Error loading population file in Stacks: Reference map - Reference-based RAD-seq Tutorial

Hello everyone,

I’m following the RAD-seq tutorial and am having trouble with the “Stacks: Reference Map” section of the population file.

My main problem:
I don’t quite understand how the population assignment works for each sample in the Population_map.txt file. In the tutorial, I see that some samples have a value of “1” and others “2,” but I don’t understand:

How do I know which population to assign to each sample?
What criteria should be used for this assignment?
The error I’m getting:
When I try to run “Stacks: Reference Map” with my Population_map.txt file and the BAM data collection

Any guidance would be very helpful! Thanks in advance

Hi @DIANA_ALEJANDRA_ALVA

Hopefully we can help!

For this

Do you mean the file created at the step here? Hands-on: RAD-Seq Reference-based data analysis / RAD-Seq Reference-based data analysis / Ecology

I see that the link in the tutorial is not working and I’ve ticketed a change to fix up the tutorial → ref-based-rad-seq tutorial.md by jennaj · Pull Request #6435 · galaxyproject/training-material · GitHub)

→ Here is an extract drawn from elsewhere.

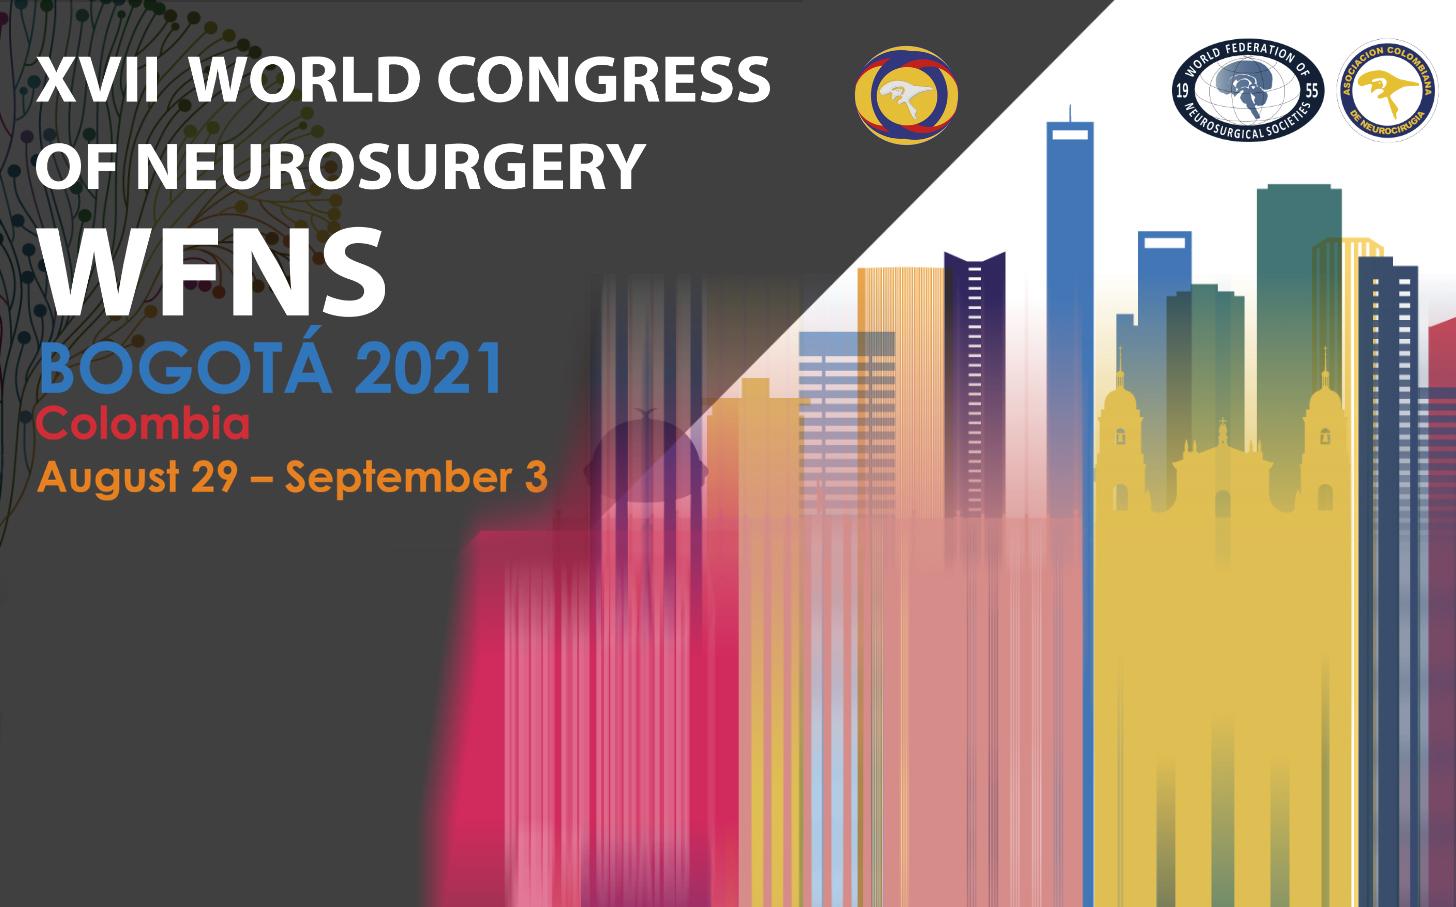 WFNS WORLD Congress of Neurosurgery
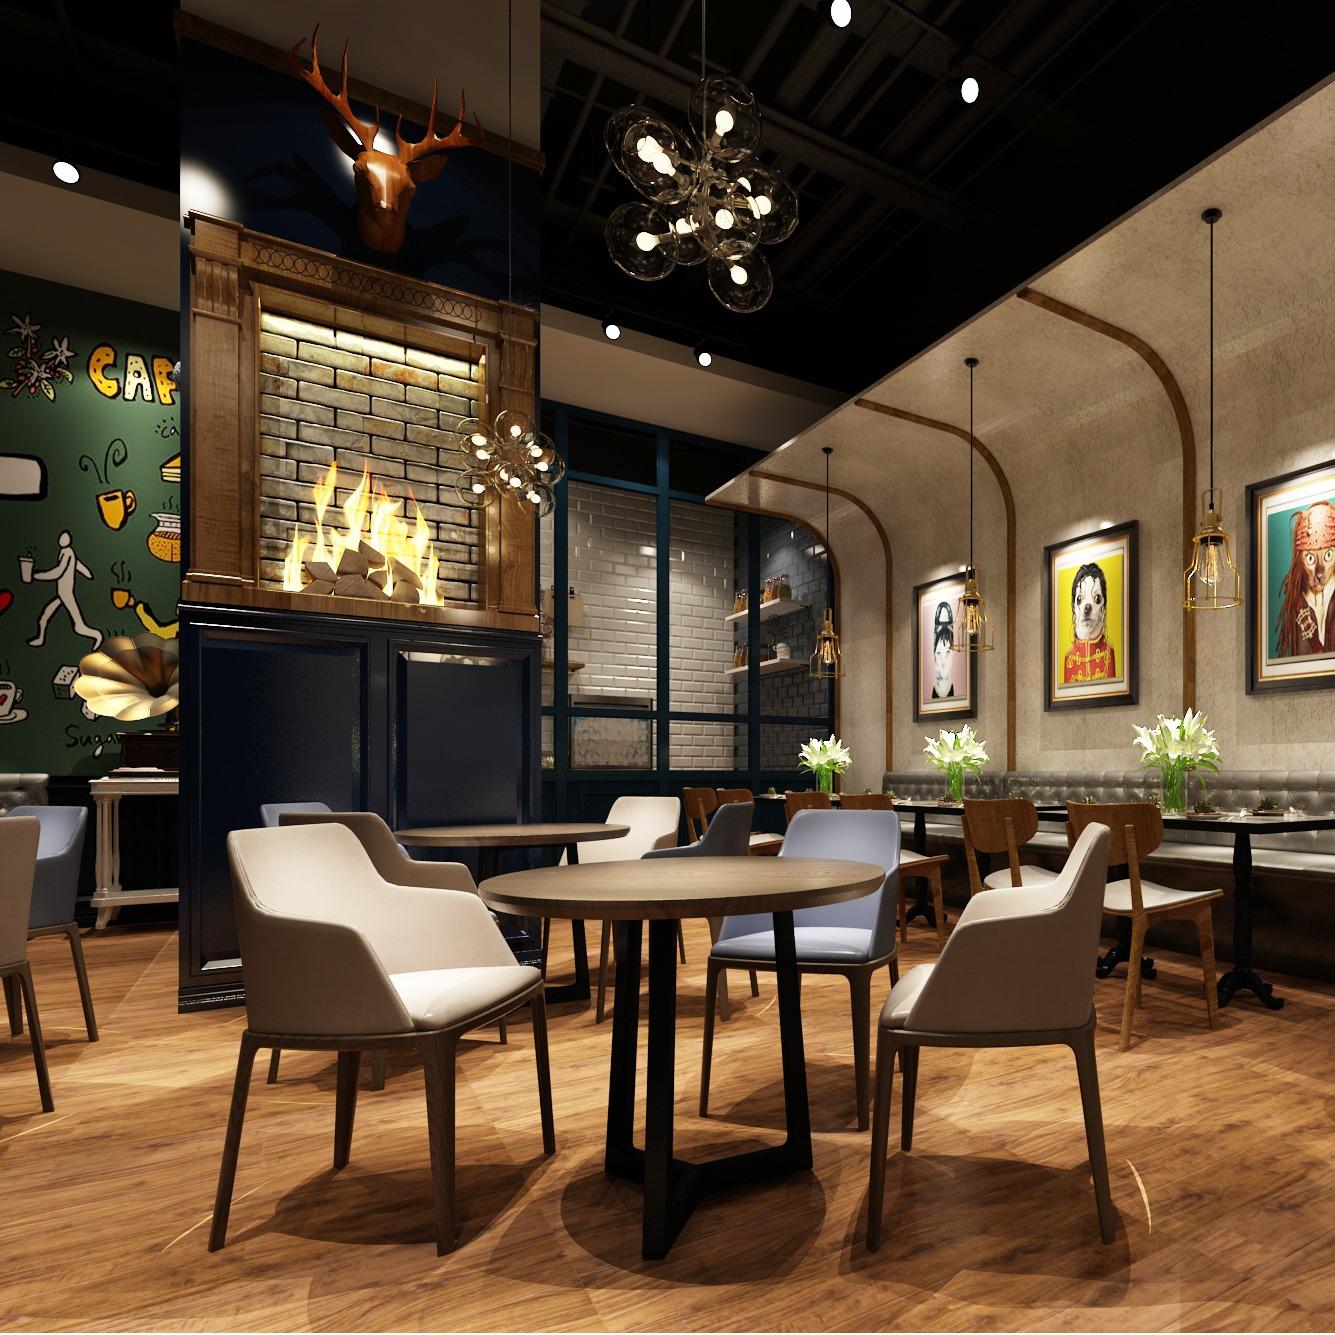 蛋糕店装修设计烘焙坊装修设计效果图咖啡厅西餐厅装修设计

But that same file can be found here. → Stacks: ref_map.pl

From the example in the guide, you can see that the different populations (column 2) can be named in other ways. The important part is that the term is all oneWord1 with no spaces or special characters. Using numbers was just one easy way to do that in the tutorial (instead of all these words I’m using here :slight_smile: ). Using the full scientific name would be the first impulse for scientists, but that would break one of the “rules”: no spaces allowed! And, a full name might contain dots or other characters, which are also not allowed. Computers like whole, plain, simple terms for important data values so very simple is better and numbers are very simple!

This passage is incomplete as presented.